A reoccurring problem in East and West superhero films, whether the heroes are using weapons or empty hand martial combat, is that you feel the characters aren’t in any real danger. When this happens it’s imperative that the action choreographer makes the fights more visually thrilling for the audience by creating never-before-seen ways the heroes fight and brandish their weapons. In this aspect, MK3 doesn’t disappoint. Yet at the end of the day, we want to see the kind of marvelously choreographed physical fights sequences that Chinese fant-Asia films are famous for, which is also lacking in the finale battle between Wu-kong and the River God whose heart is set on destroying everything and everybody and their pet cat or pig.

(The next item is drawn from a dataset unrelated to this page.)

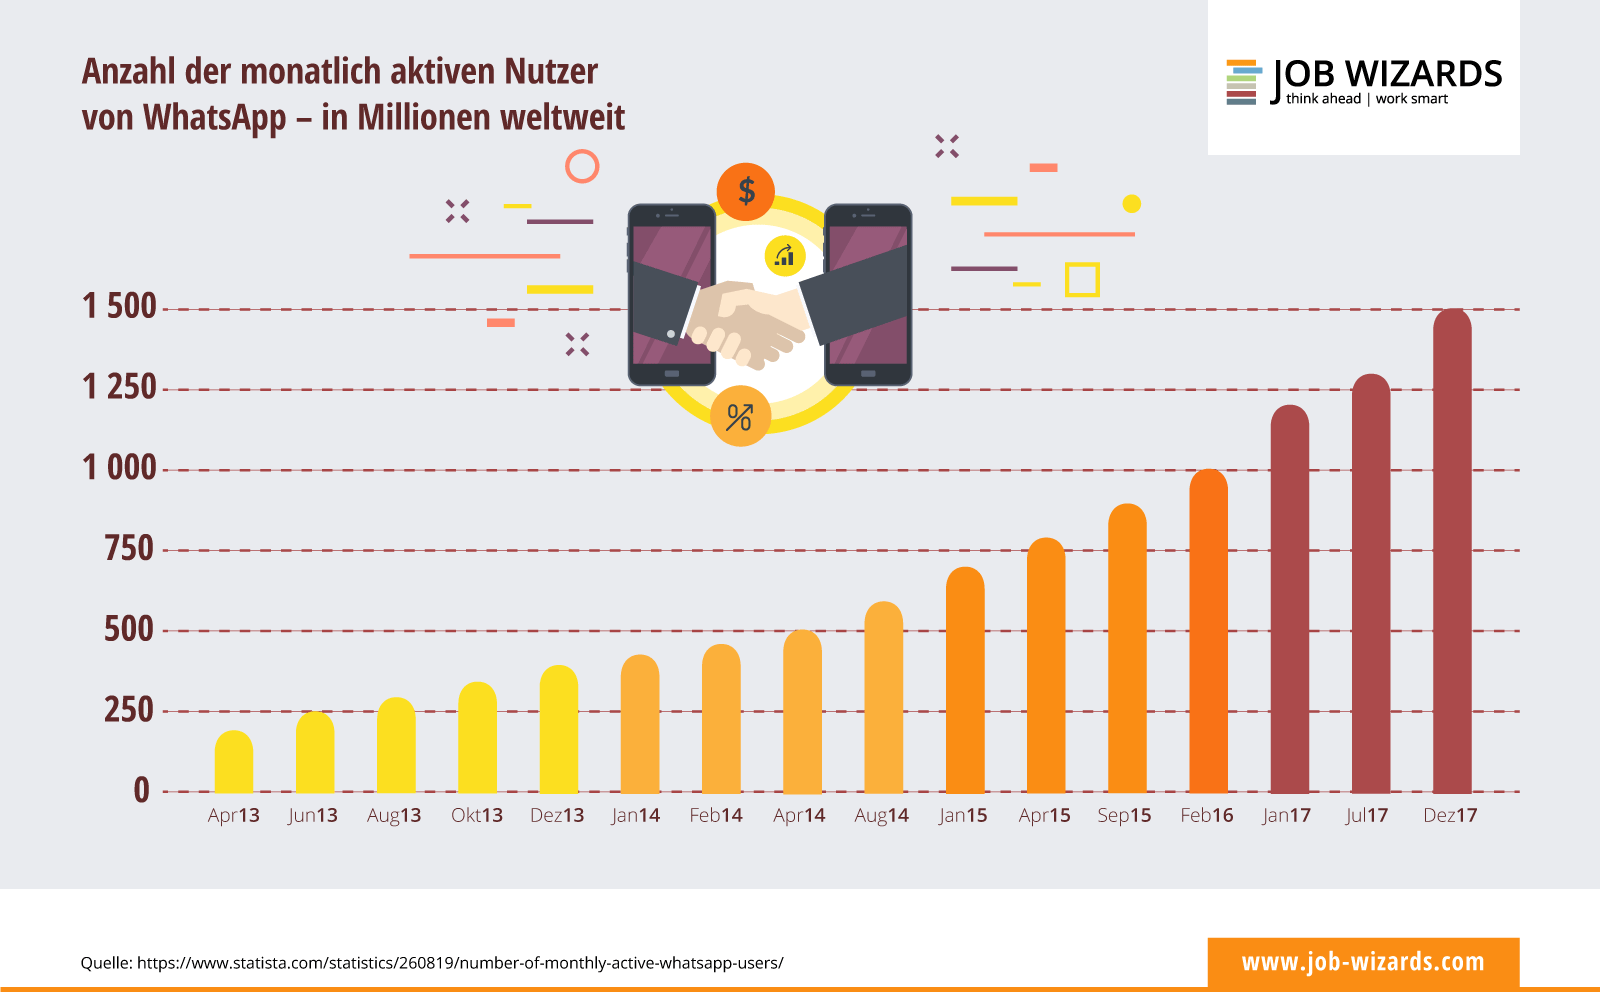 Infografik zur Entwicklung der Nutzerzahlen bei Whatsapp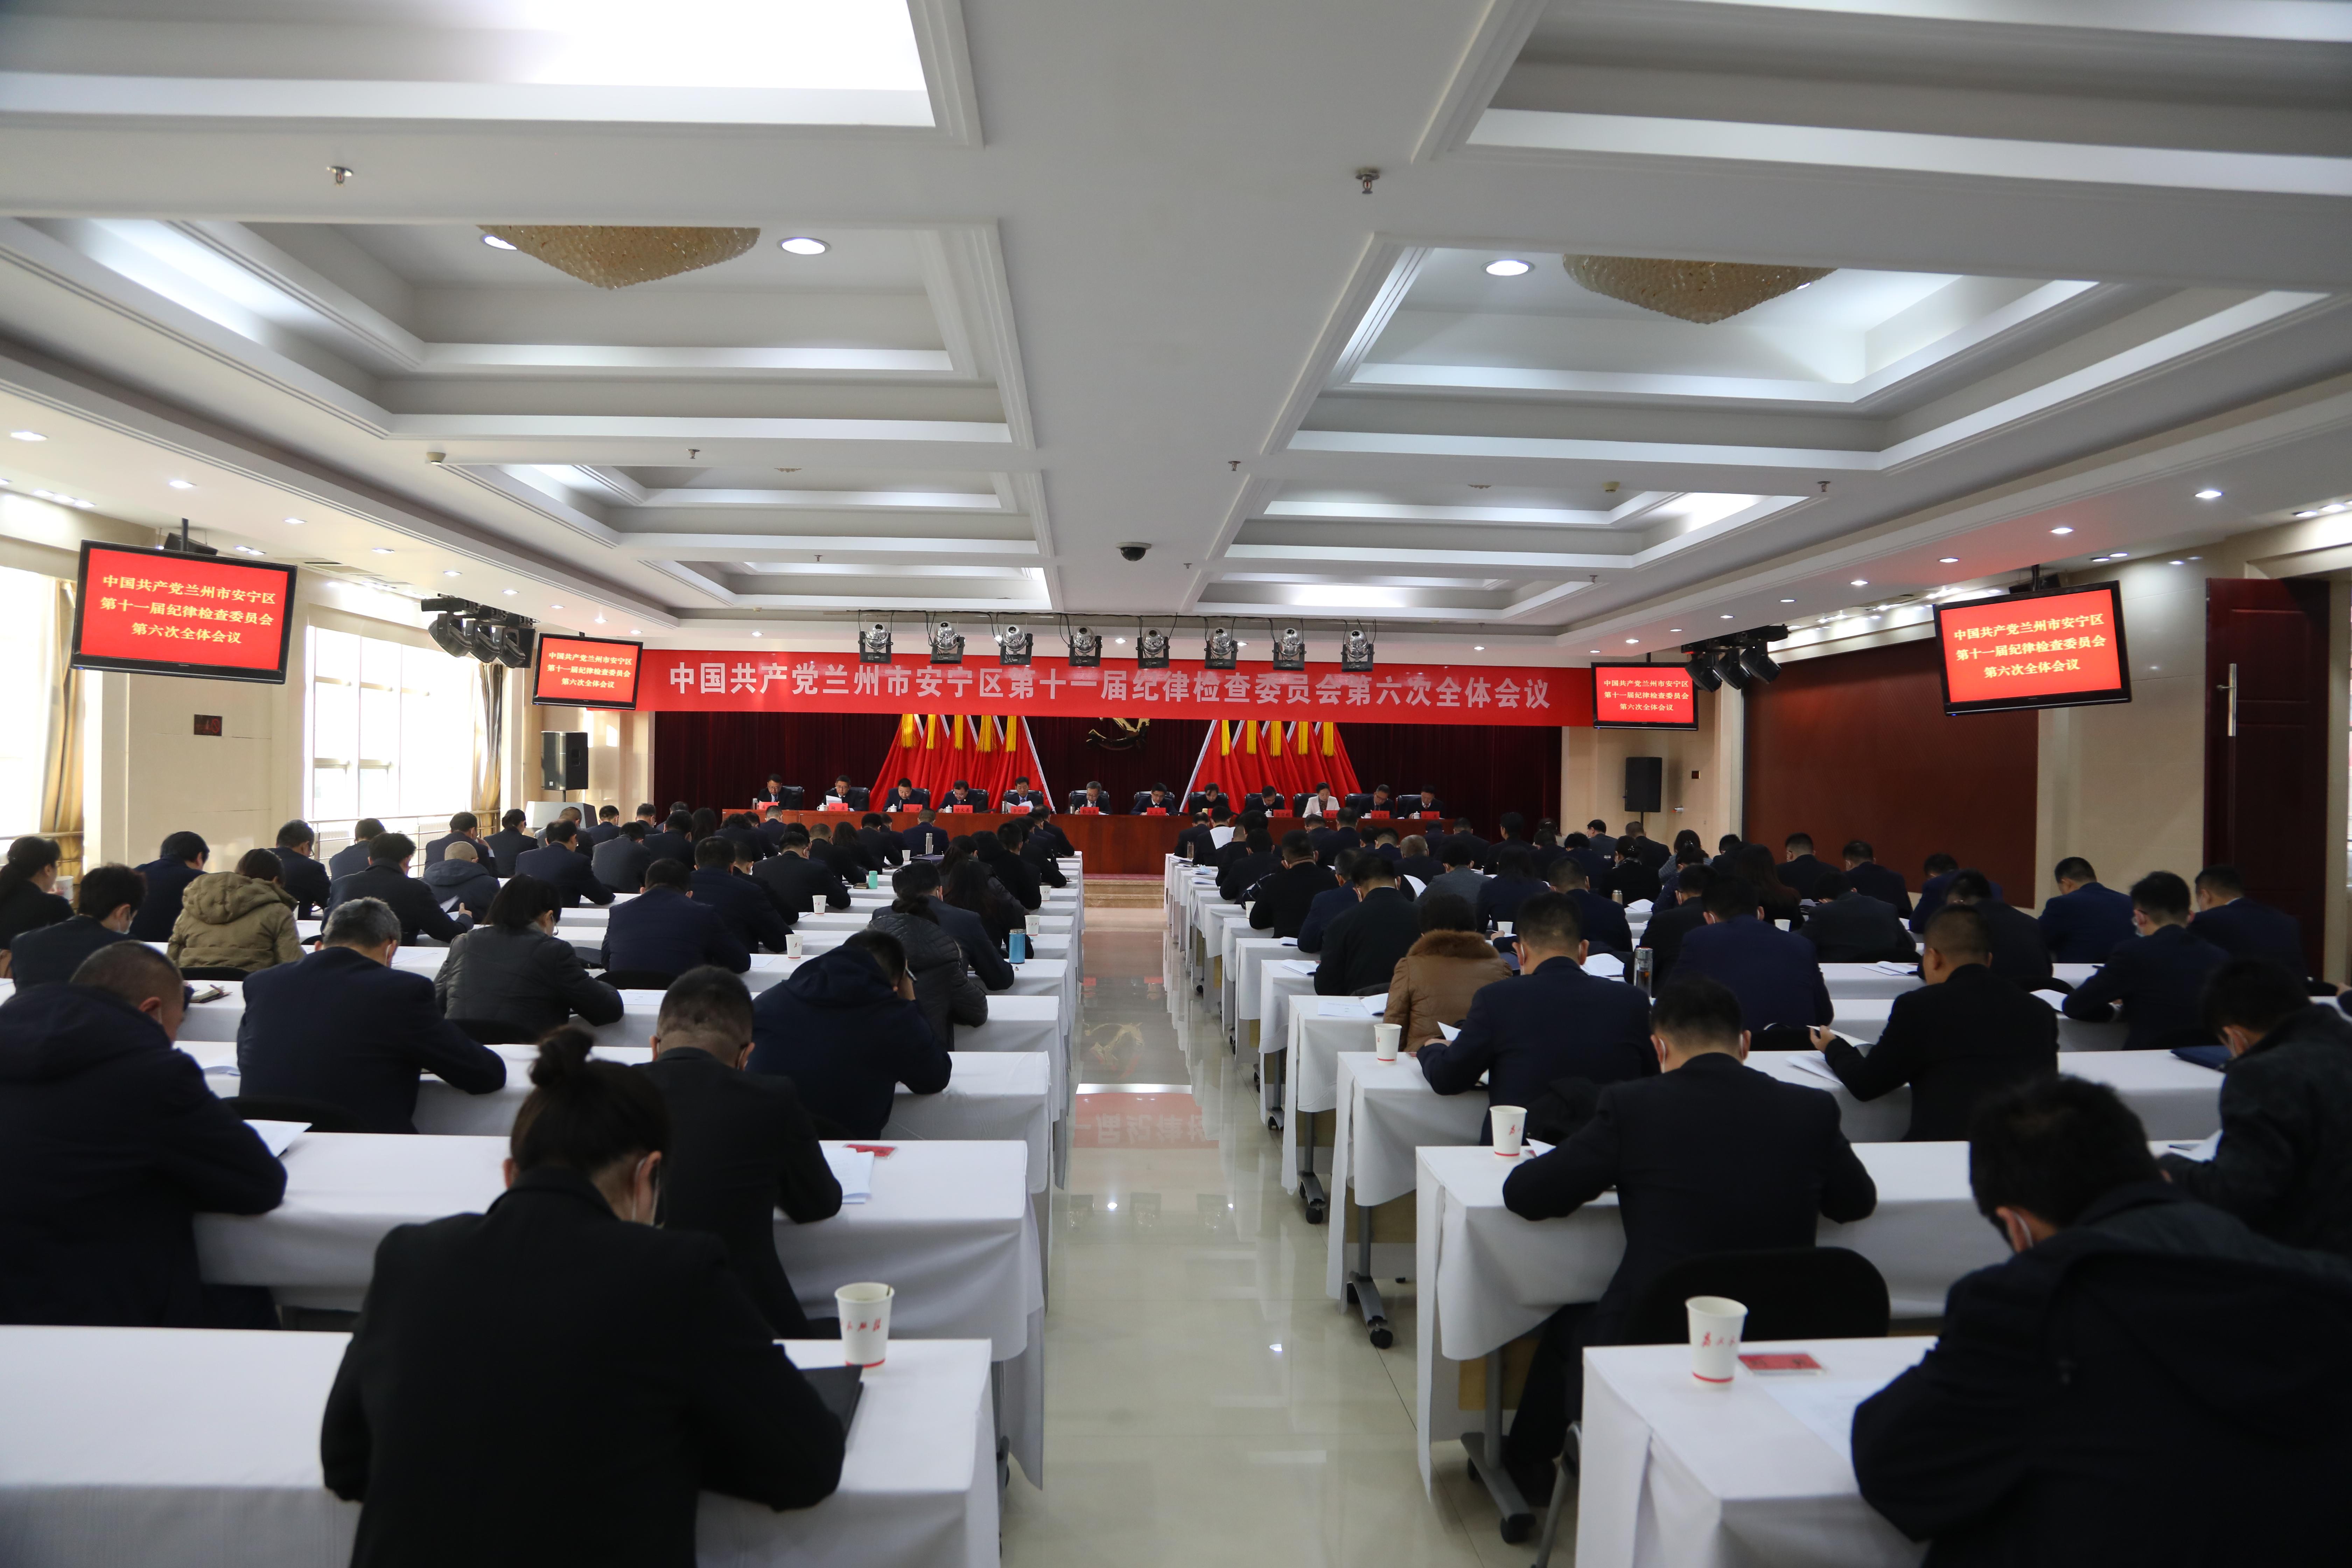 【精致兰州 品质安宁】中国共产党兰州市安宁区第十一届纪律检查委员会第六次全体会议召开

As the River God wreaks unfathomable havoc on Womeanland and Wu-kong gives his heart and soul into protecting everyone sacred to him, it’s uplifting and unselfishly altruistic…he’s becoming human. Yet the crux of the film has nothing to do with Wu-kong…the fate of the world hangs in the balance of what Tang’s decision about love and the consequences of choosing one over the other.